Вводя в коммунистическую идею вины что-то похожее на понятие невменяемости, известное коммунистам из «буржуазного права», линия защиты предусматривала концепцию ограниченной ответственности. Словосочетание «временное затмение» использовалось большевиками при попытке объяснить уход Романа Малиновского (разоблаченного позднее как провокатора царской охранки) из Думы и его внезапное появление за границей. Самовольный поступок Малиновского осуждался, но при этом были и те, кто утверждал, что, возможно, причиной тому были не политические мотивы, а «обостренная нервозность» и «душевная усталость»[556].

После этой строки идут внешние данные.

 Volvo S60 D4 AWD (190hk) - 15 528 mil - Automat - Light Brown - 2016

Тот, кто хотел выгородить сознание и волю, должен был возложить вину на свое подверженное порче тело. Партиец с 1917 года, сын рабочего и телеграфист по специальности, Зайцев выбыл из партии «по неплатежу членских взносов». Вот как он объяснял свой проступок два года спустя, находясь в стенах Ленинградского государственного университета:
«Как следствие физически ненормального состояния создается больная психология, а последнее обстоятельство является причиной нерадивого отношения к партобязанностям – отсюда несвоевременная явка на перепись в у<ездный> ком<итет>. „В здоровом теле здоровый дух“ – это не пустая фраза; меня вновь потянуло к общественной работе и работе в партии. Я спешу восстановить старый партийный стаж». Зайцева вернули в партию[557].

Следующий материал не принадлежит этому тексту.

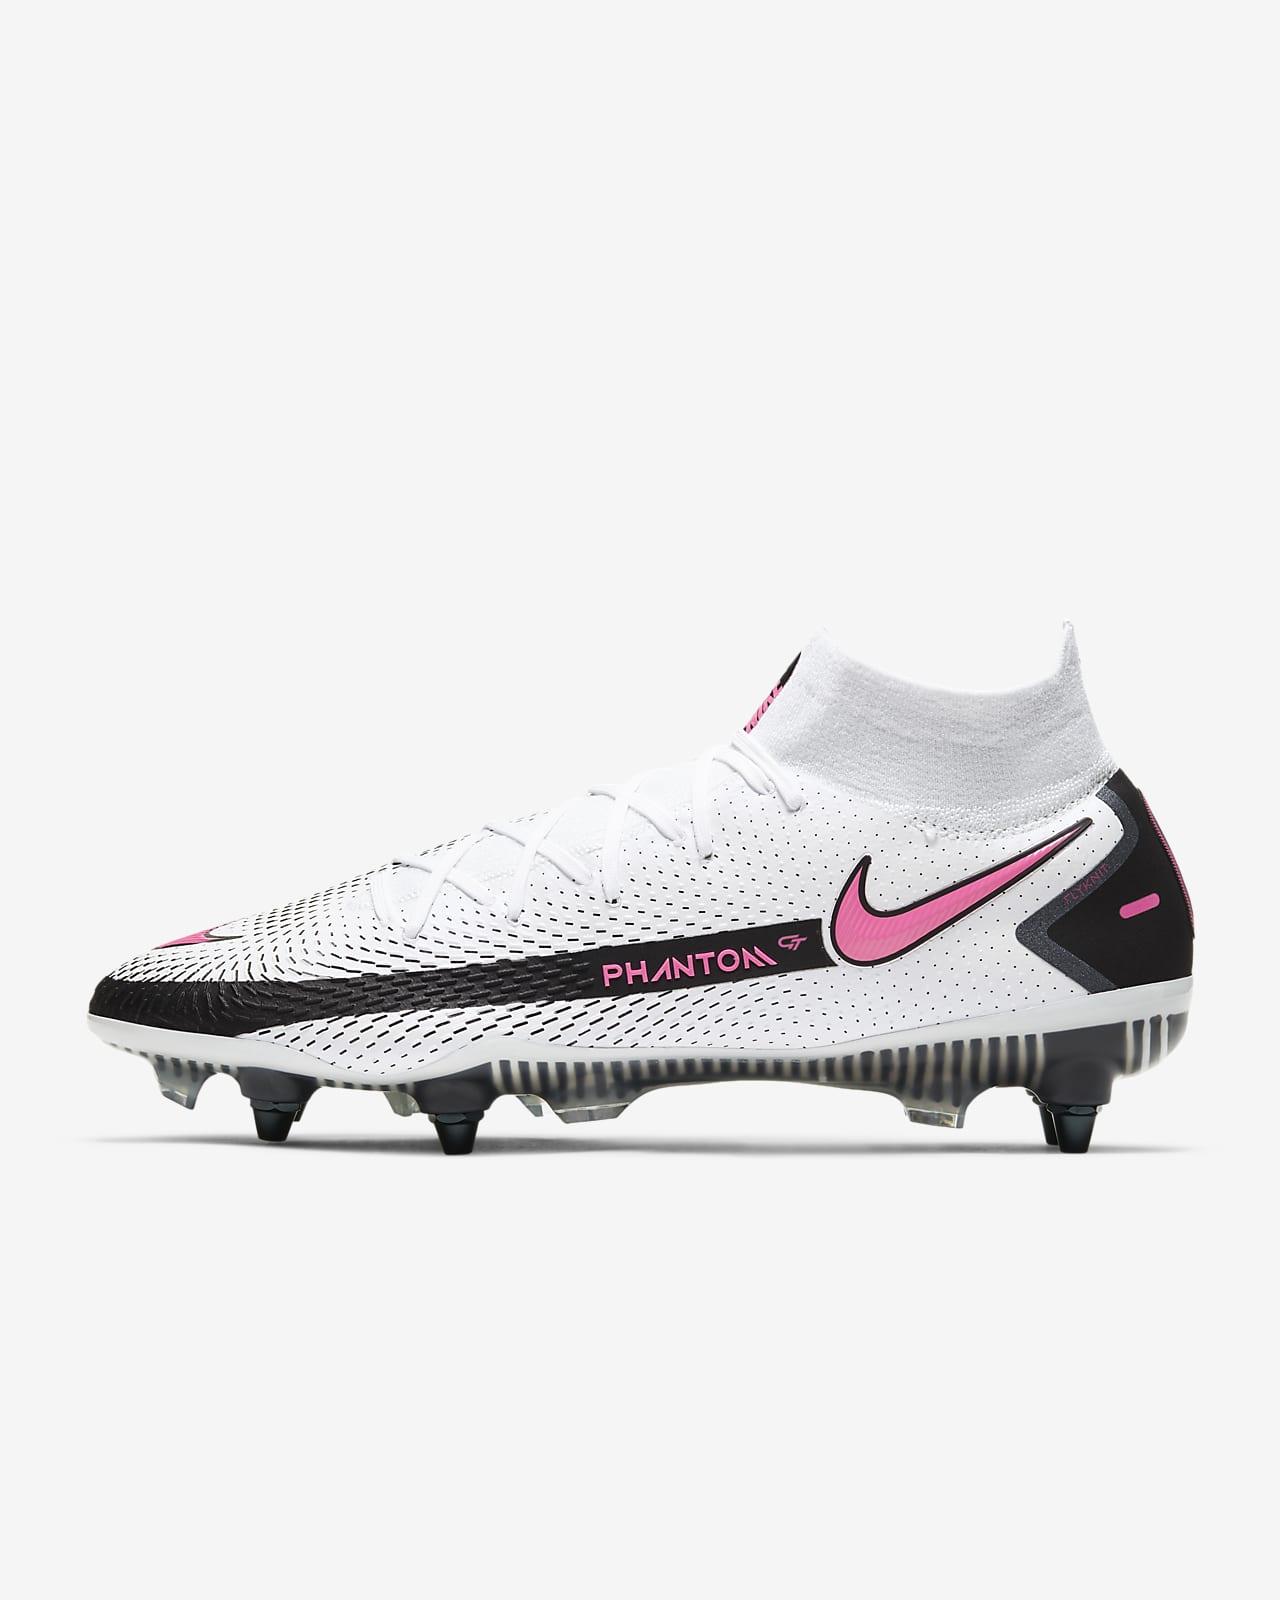 Nike Phantom GT Elite Dynamic Fit SG-Pro AC Soft-Ground Football Boot

Уже известный нам Носуленко попытал свое счастье также через риторику «солнечного затмения». За этим преподавателем языкознания в Ленинградском государственном университете числились тяжкие прегрешения: он «венчался в церкви в Ораниенбауме 5 июня 1922 г.» и, что еще хуже, подал по собственному желанию просьбу освободить его от обязанностей коммуниста. К концу 1922 года Носуленко пришел в себя. Он объяснял: «Действительно, у меня было много ошибок, и они известны ЦК и Губкому. Я происхожу из бедной, невежественной, некультурной среды, первый из семьи грамотный. Очень трудное многое поборото. <…> Быть может верно, я плохой партиец, но я не контрреволюционер. Я был под винтовкой по собственному желанию и защищал республику». Жена, дочь крестьянина-бедняка, окончила начальную школу и служила у нотариуса. «Была арестована за революционную работу и [другим почерком – приговорена] к высылке в Вологду. <…> Венчались в церкви с целью получения удостоверения». Нет спору, соглашался Носуленко, отступничество – это тяжкая провинность. «Это произошло в момент наиболее резкого нервного расстройства». «Хочу быть более культурным, но не могу, все это коренится в моей физиологии». Телесная слабость вызвала душевный упадок[558].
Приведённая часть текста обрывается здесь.